▸ Exercise description
Everything in the data should be repeated exactly, save for the images.

▸ Data segment
···

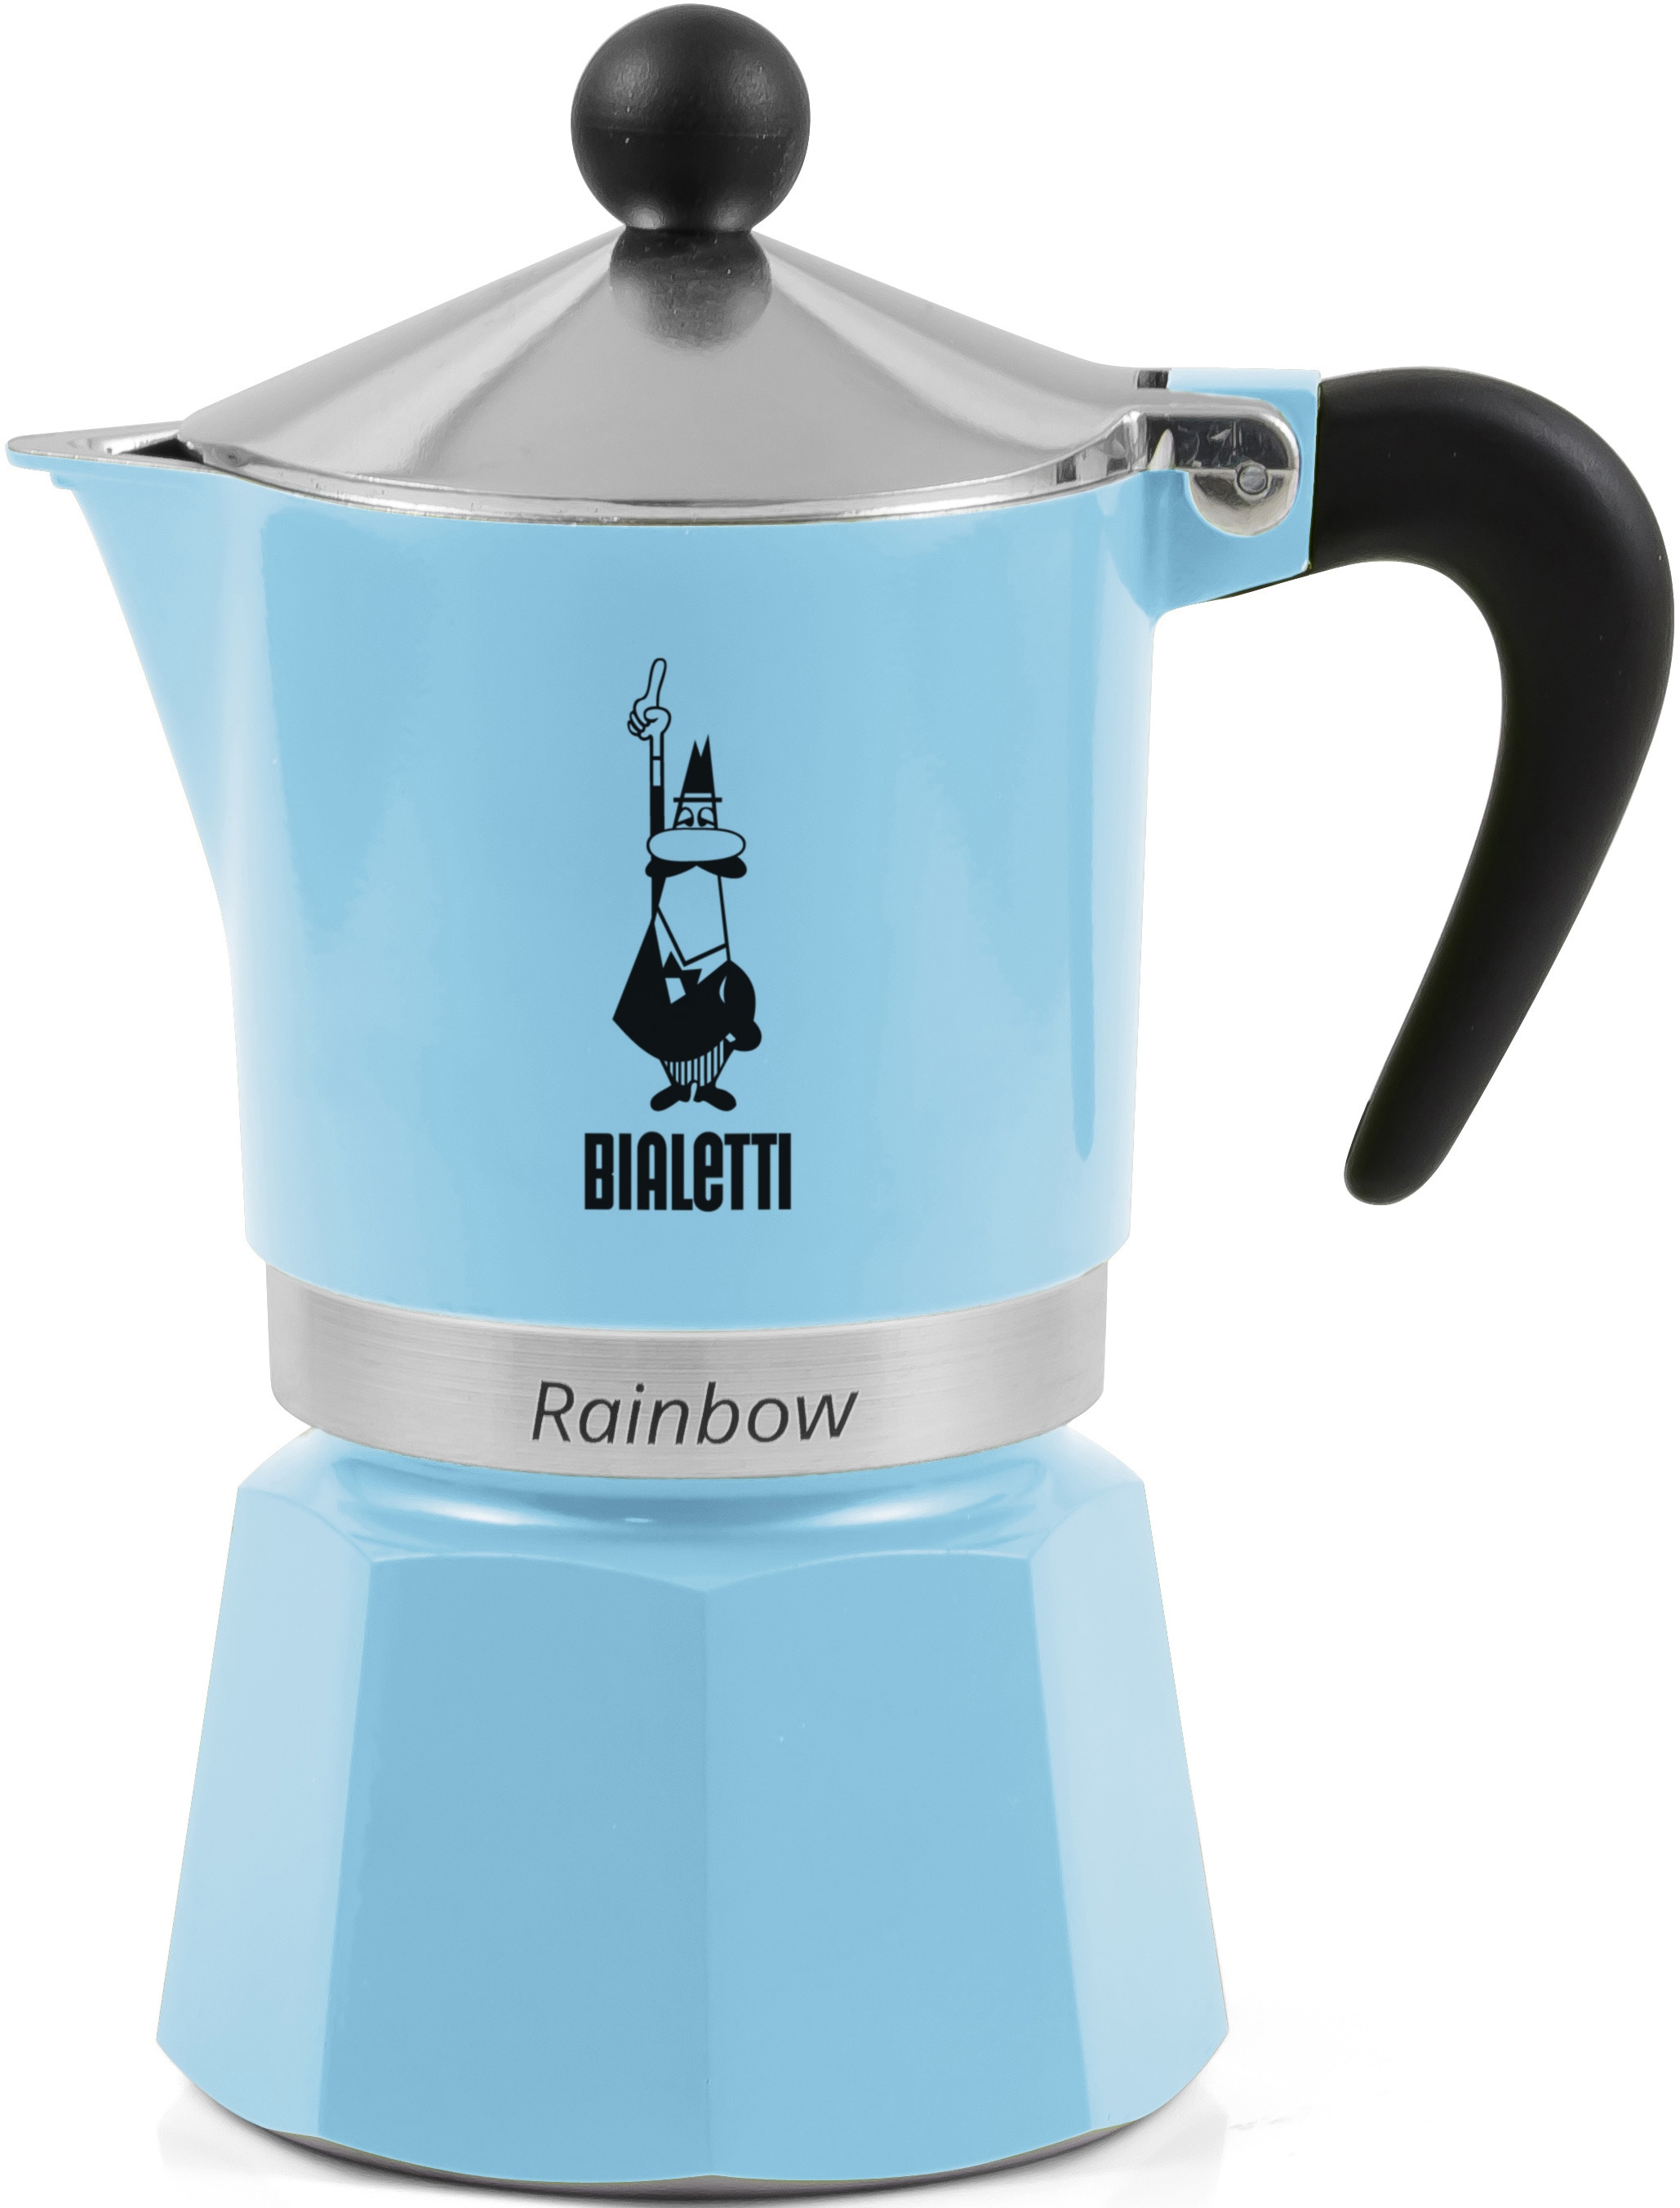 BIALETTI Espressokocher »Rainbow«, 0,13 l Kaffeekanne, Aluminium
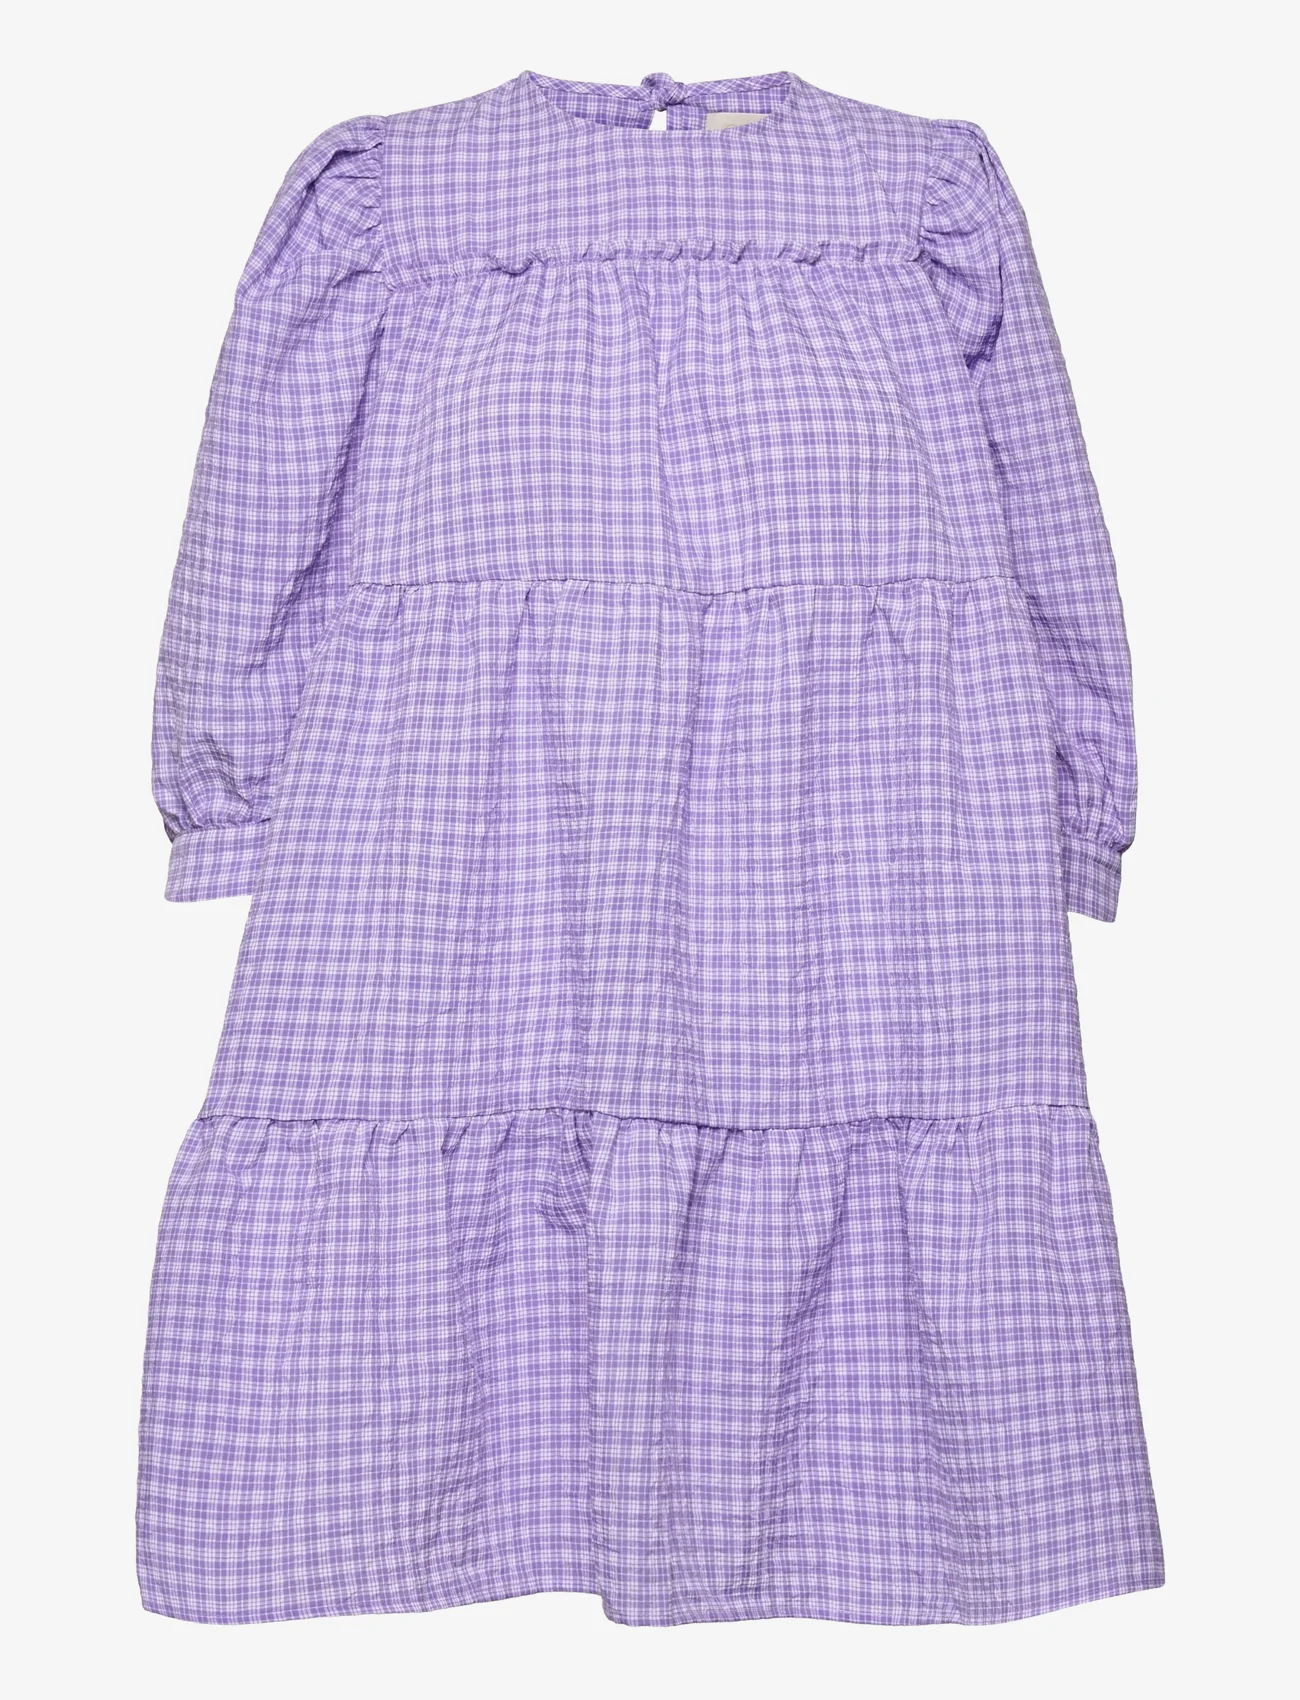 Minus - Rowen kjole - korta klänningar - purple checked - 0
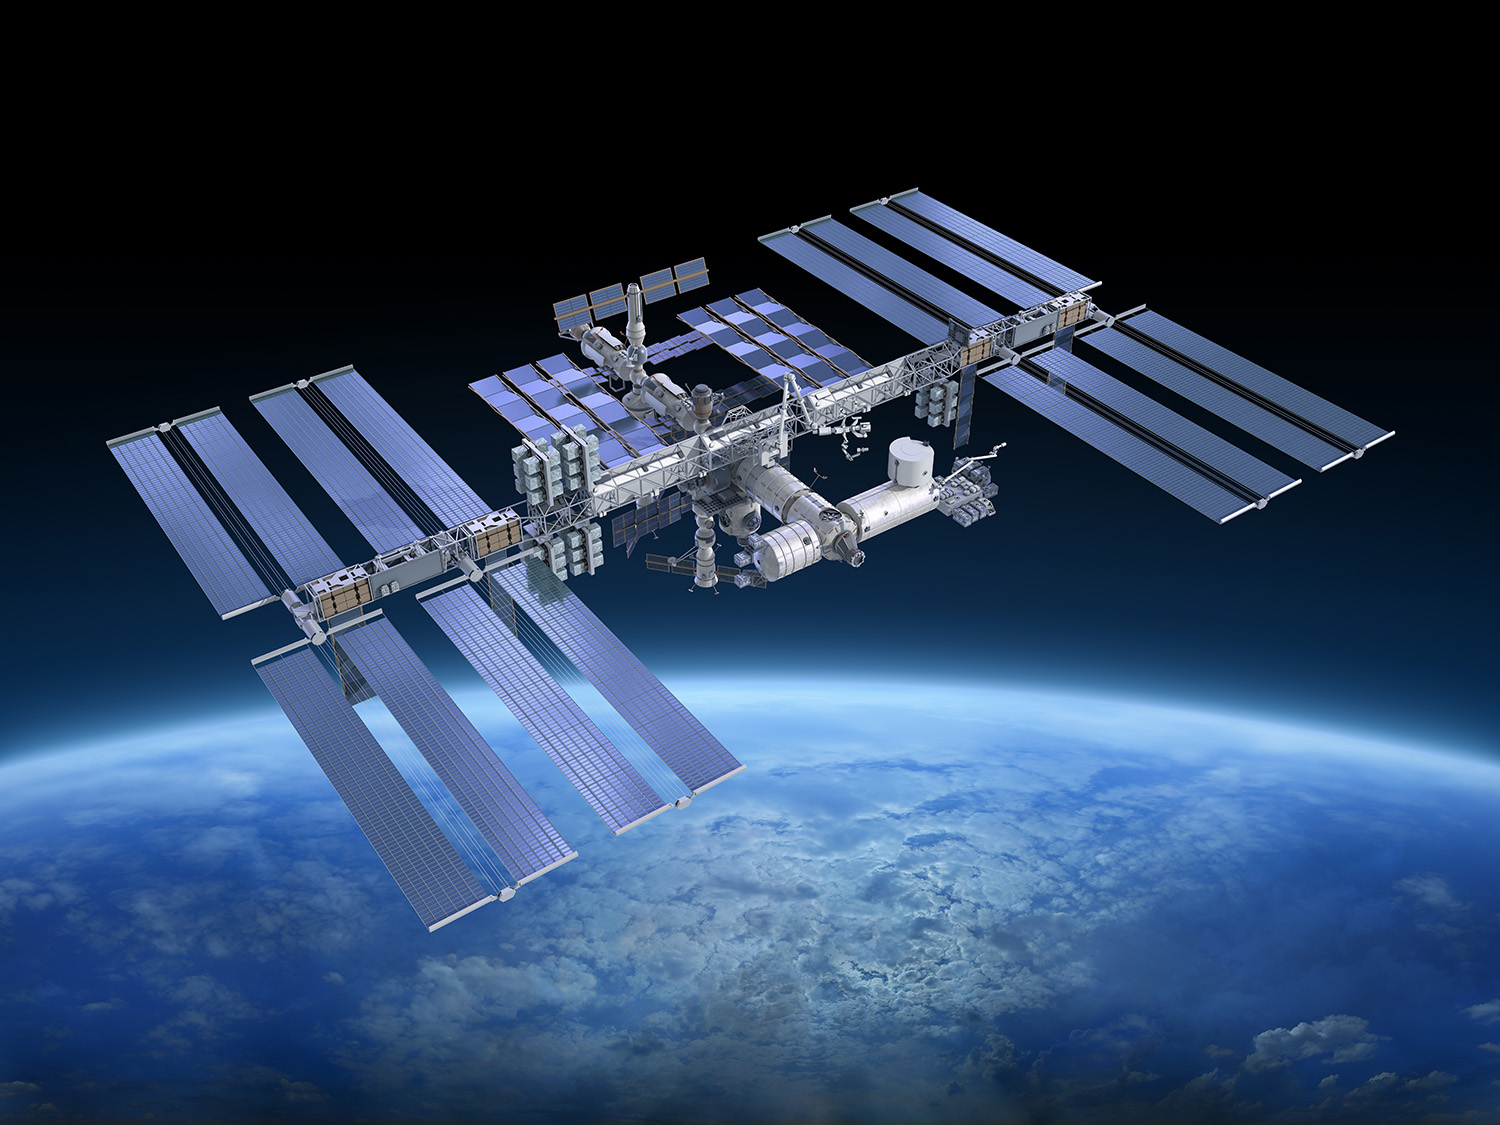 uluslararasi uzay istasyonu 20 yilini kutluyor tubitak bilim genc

···

▸ Expected answer
 BIALETTI Espressokocher »Rainbow«, 0,13 l Kaffeekanne, Aluminium
 Minus - Rowen kjole - korta klänningar - purple checked - 0
 uluslararasi uzay istasyonu 20 yilini kutluyor tubitak bilim genc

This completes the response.